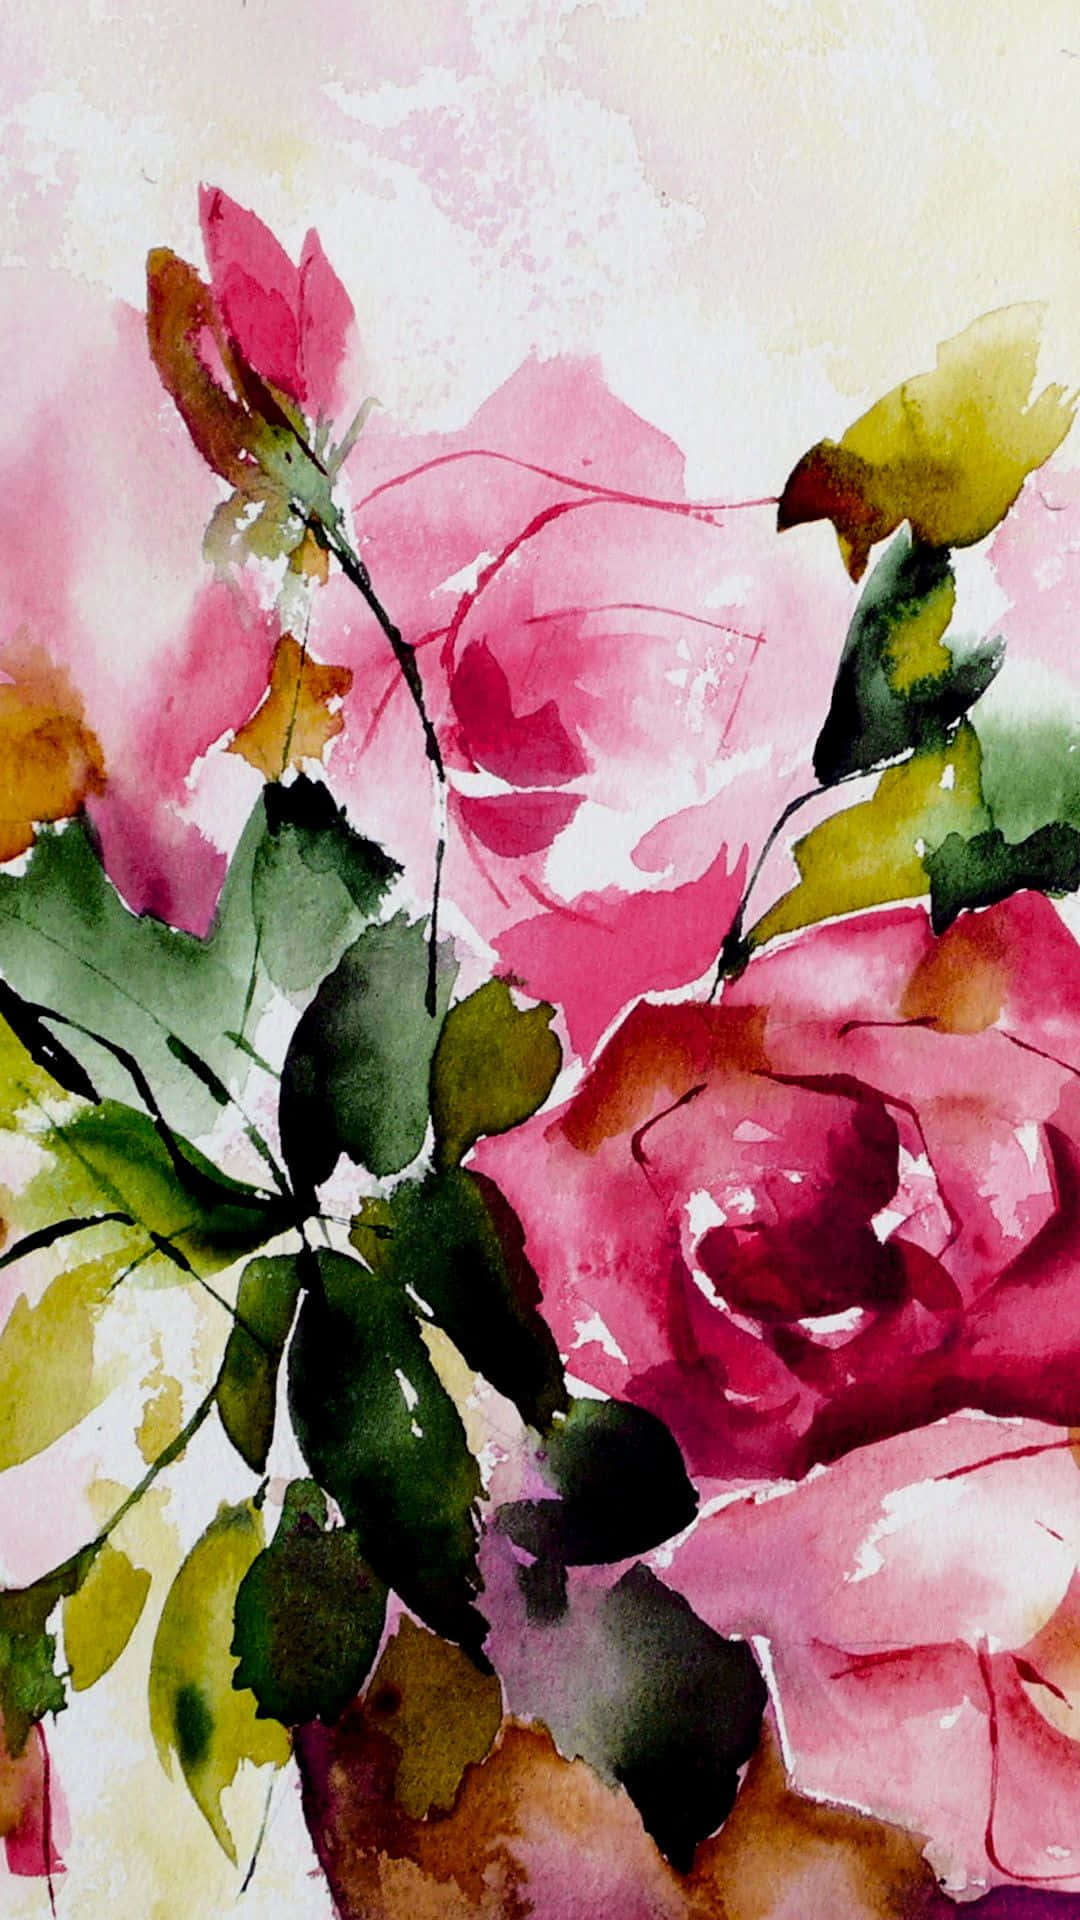 Imagende La Pintura En Acuarela De Una Rosa Floral
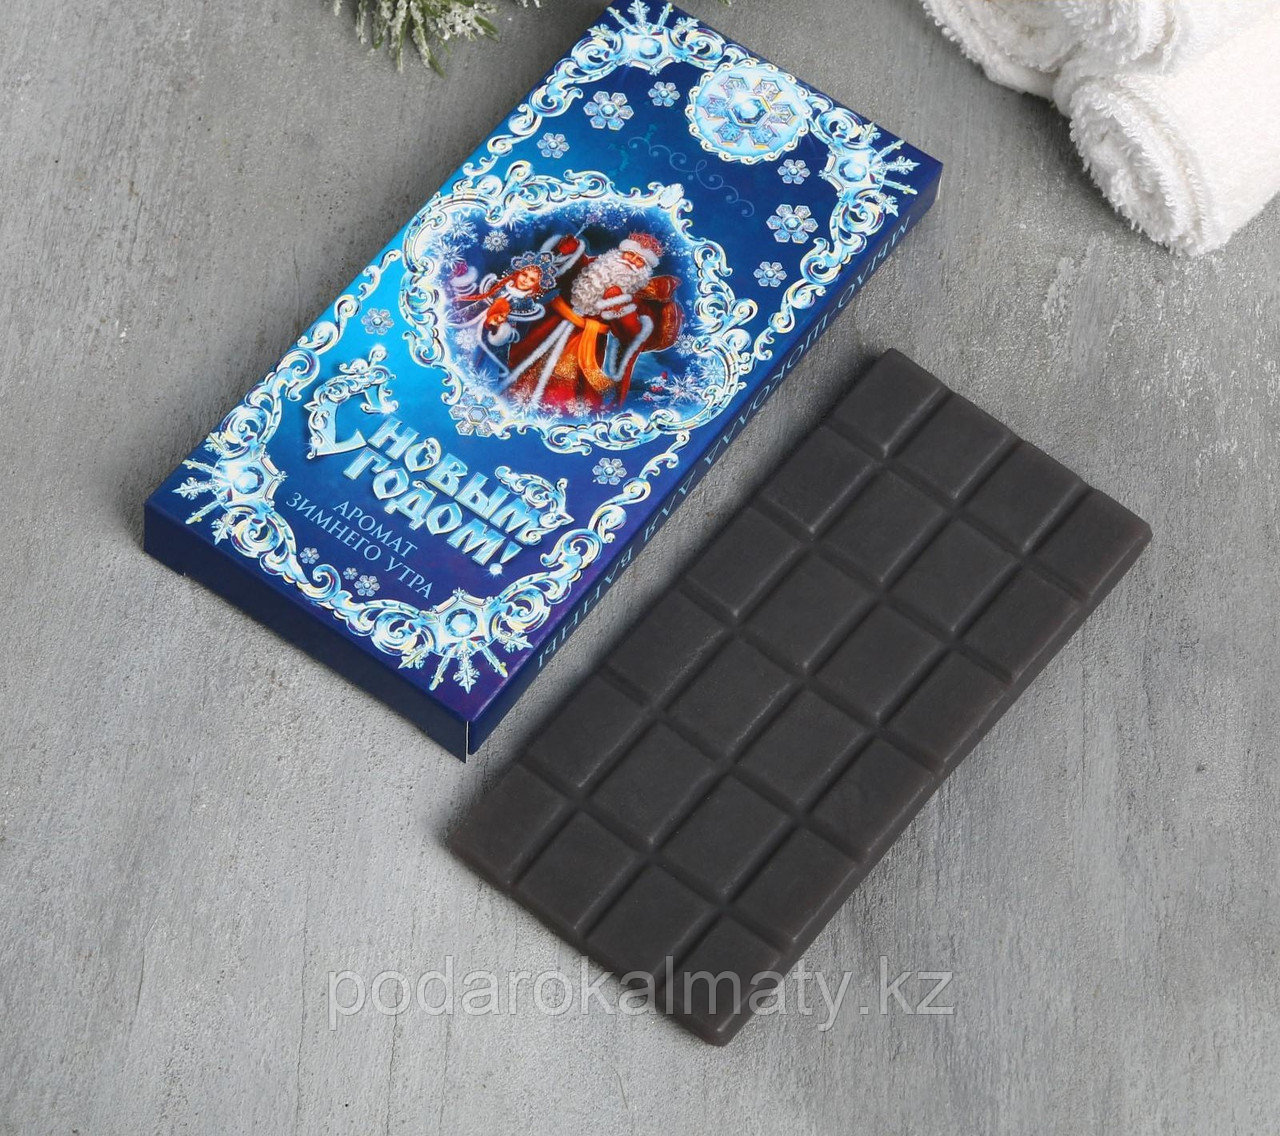 Мыло-шоколад "С Новым годом, синий"
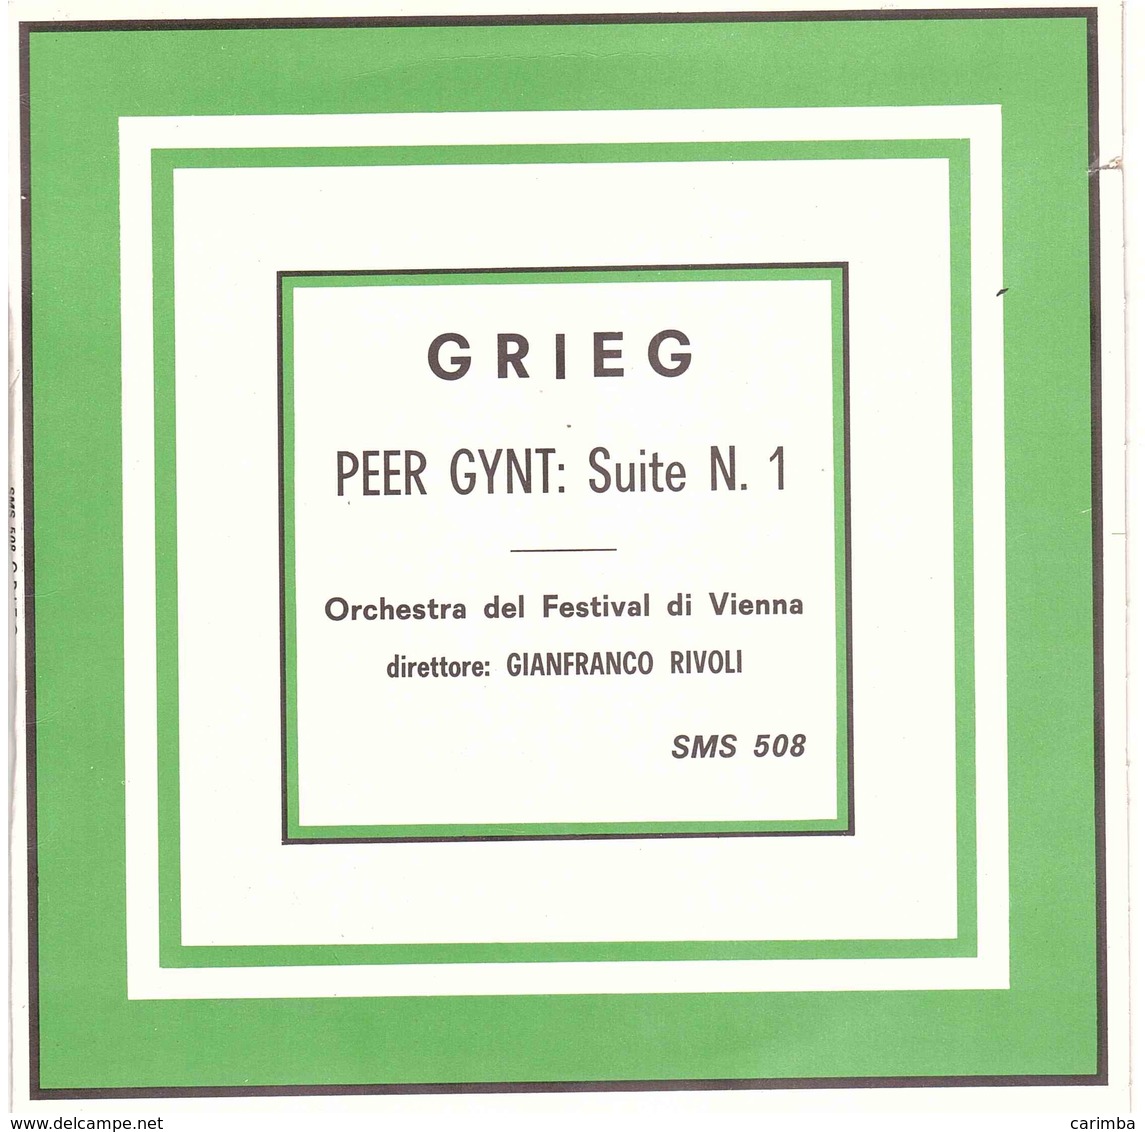 GRIEG PEER GYNT SUITE N°1 - Classical
****
Reproduce all of the material above word for word. Omit the pictures.

▶ Task response
 Imagende La Pintura En Acuarela De Una Rosa Floral
 Мыло-шоколад "С Новым годом, синий"
 GRIEG PEER GYNT SUITE N°1 - Classical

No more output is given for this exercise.